*THE PROBLEM*
Your task is to transcribe the data exactly while omitting each picture.

*DATA BELOW*
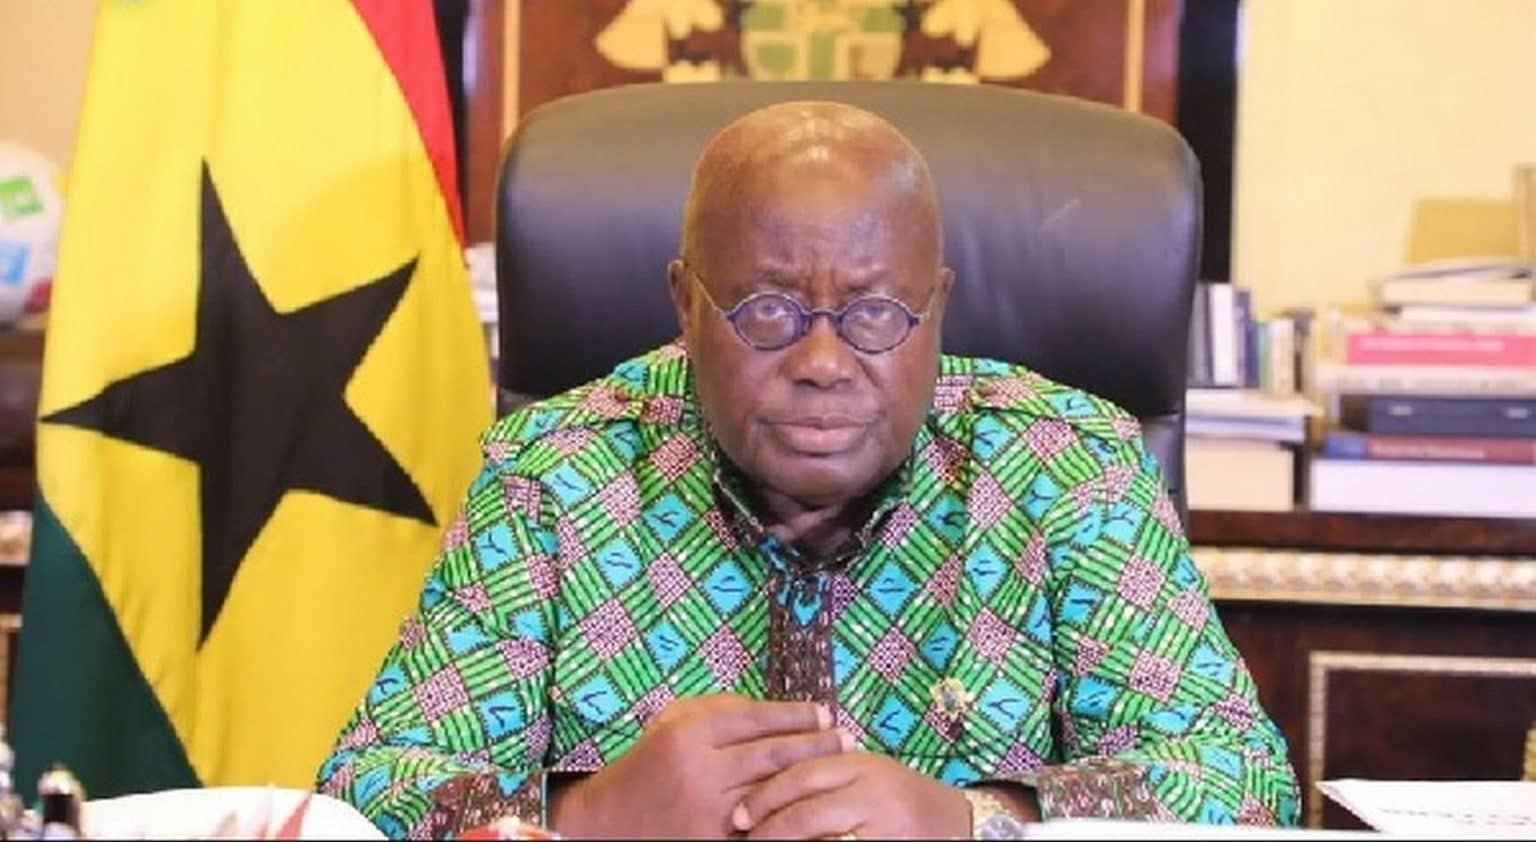 Ghanaian President, Nana Akufo-Addo
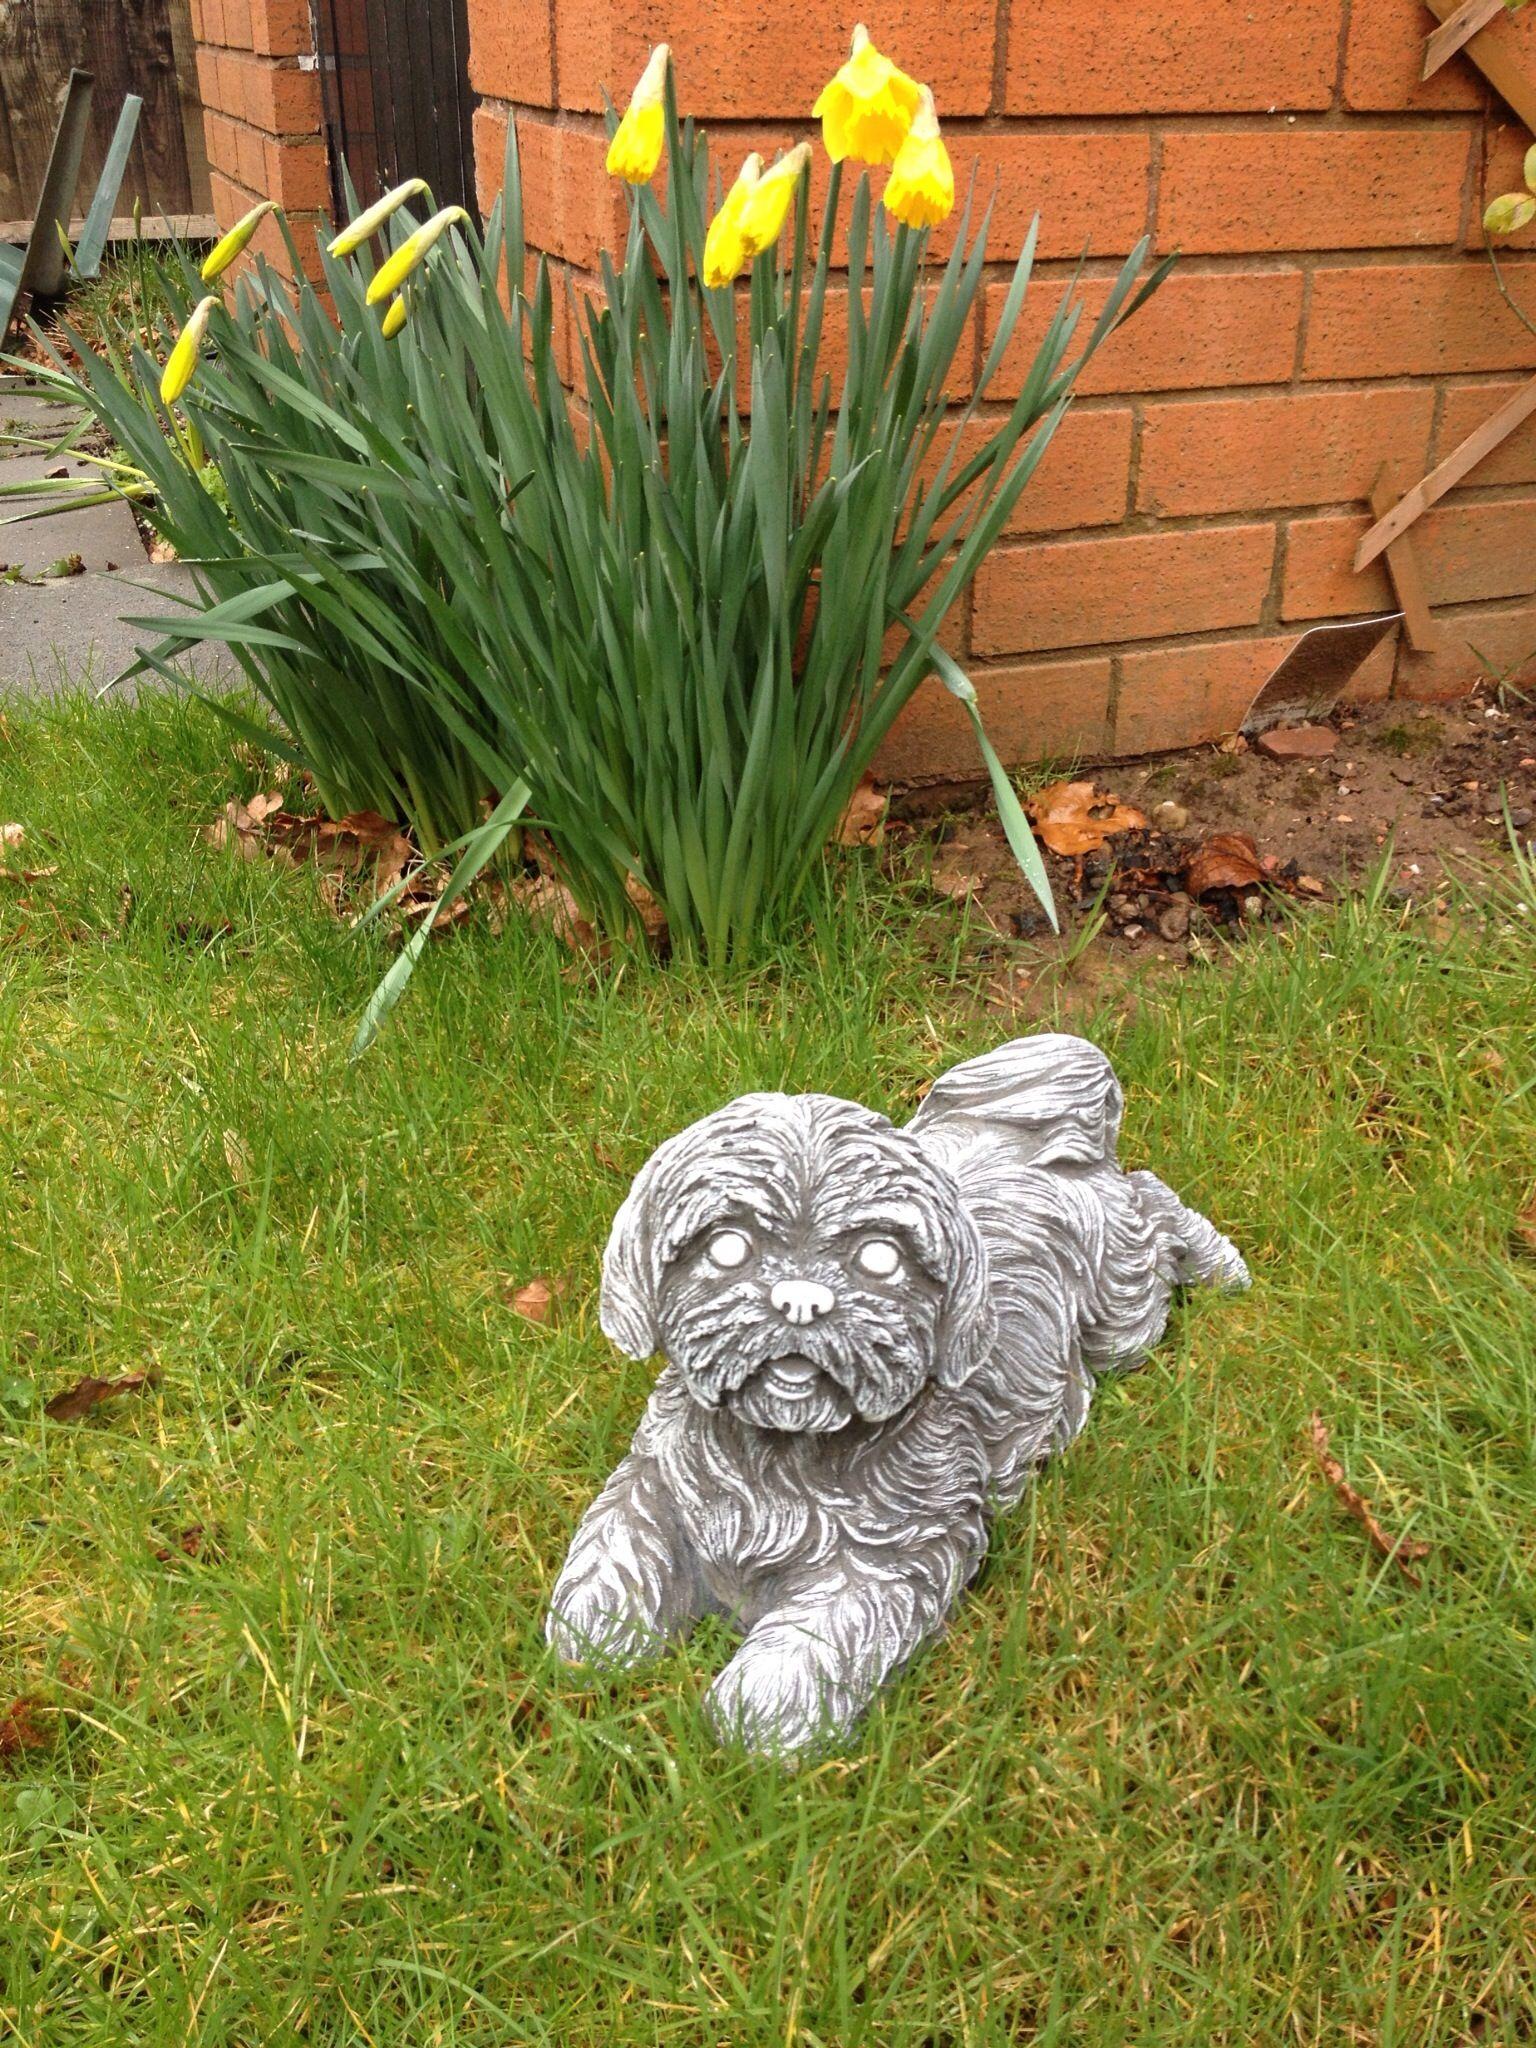 Shih Tzu Garden Statue Google Search Yard Ornaments Dog Supplies Fur Babies
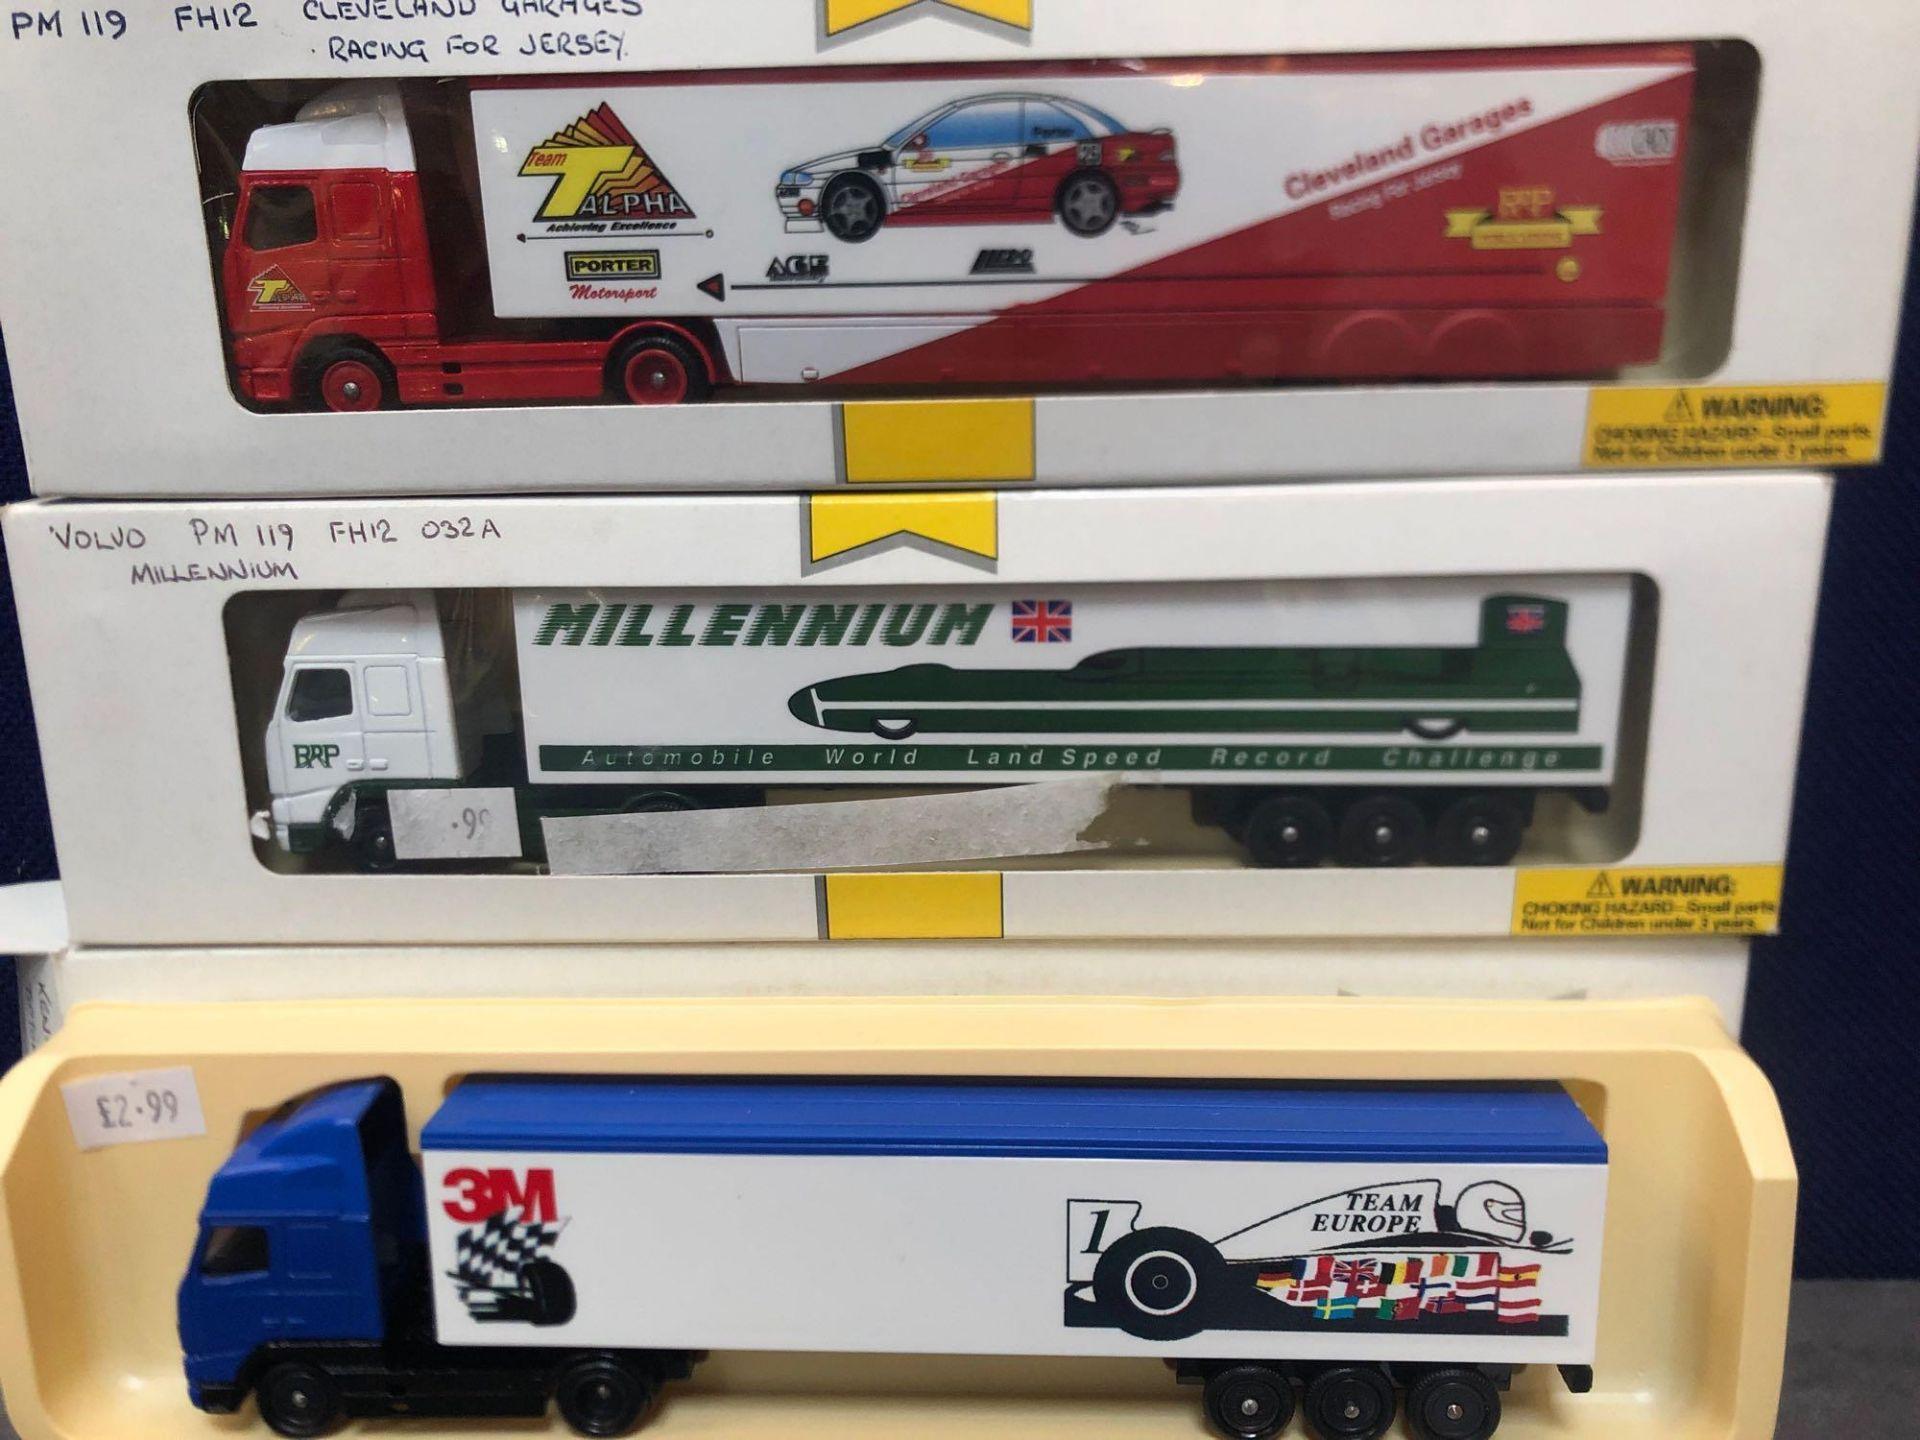 3x Lledo Pro Mover Diecast Trucks Comprising Of; 3M Team Europe, Millennium Automotive World Land - Image 2 of 2
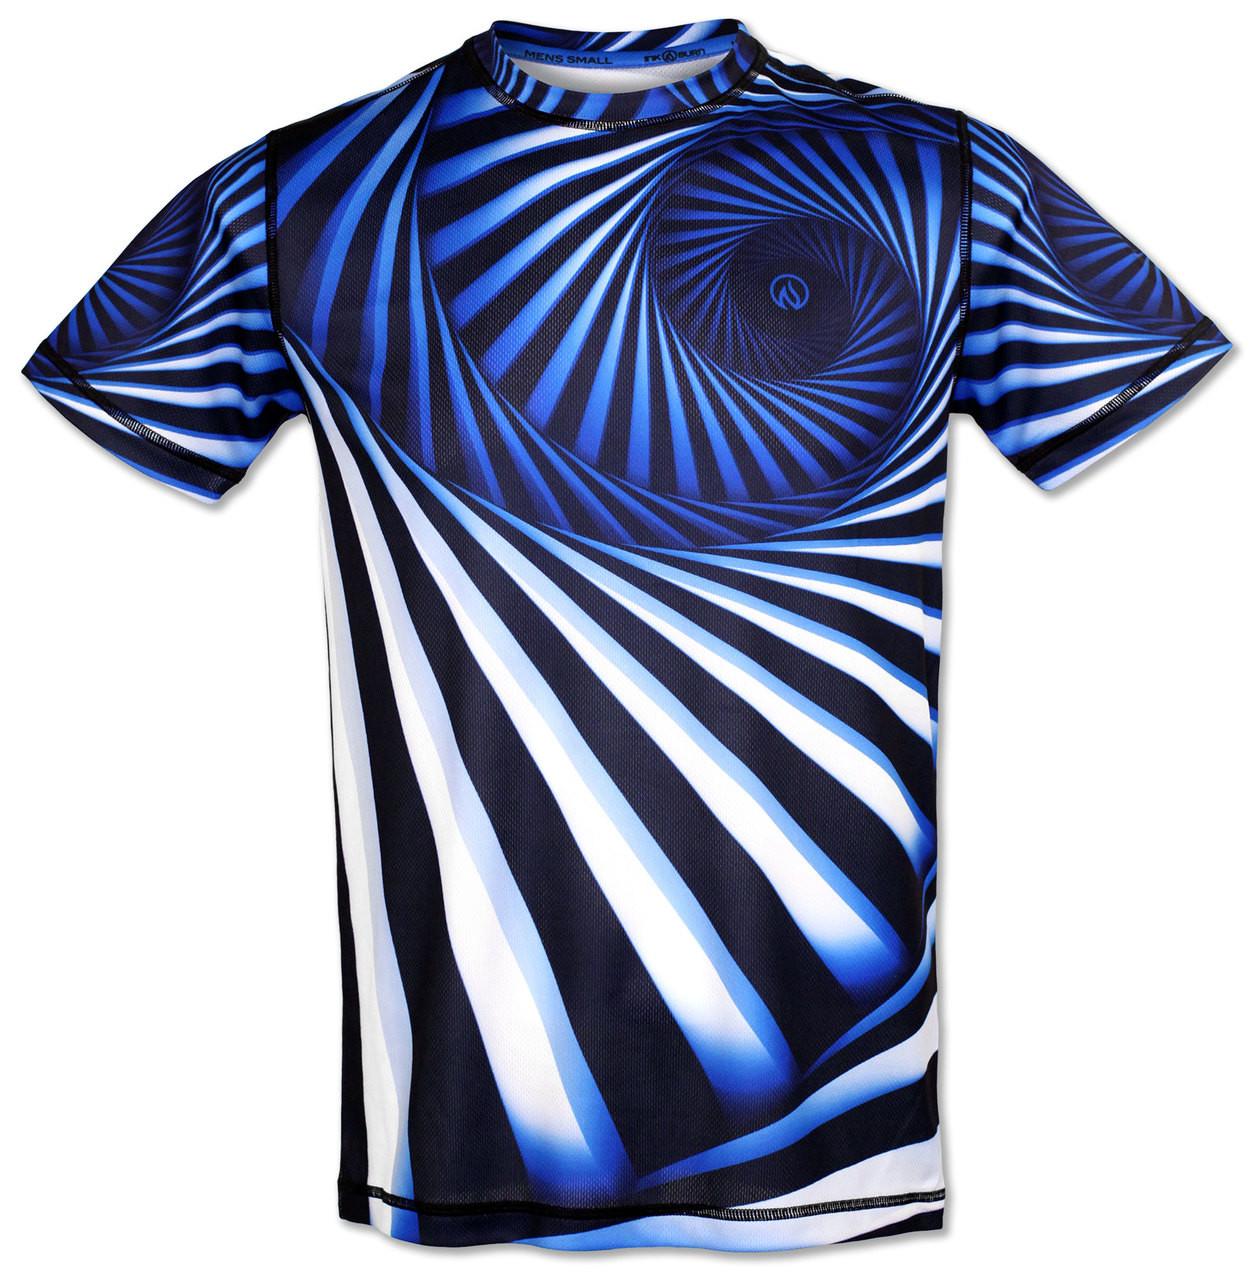 INKnBURN Men's Hypnotic Tech Shirt Front

*EXERCISE OUTPUT*
 Ghanaian President, Nana Akufo-Addo
 Shih Tzu Garden Statue Google Search Yard Ornaments Dog Supplies Fur Babies
 3x Lledo Pro Mover Diecast Trucks Comprising Of; 3M Team Europe, Millennium Automotive World Land - Image 2 of 2
 INKnBURN Men's Hypnotic Tech Shirt Front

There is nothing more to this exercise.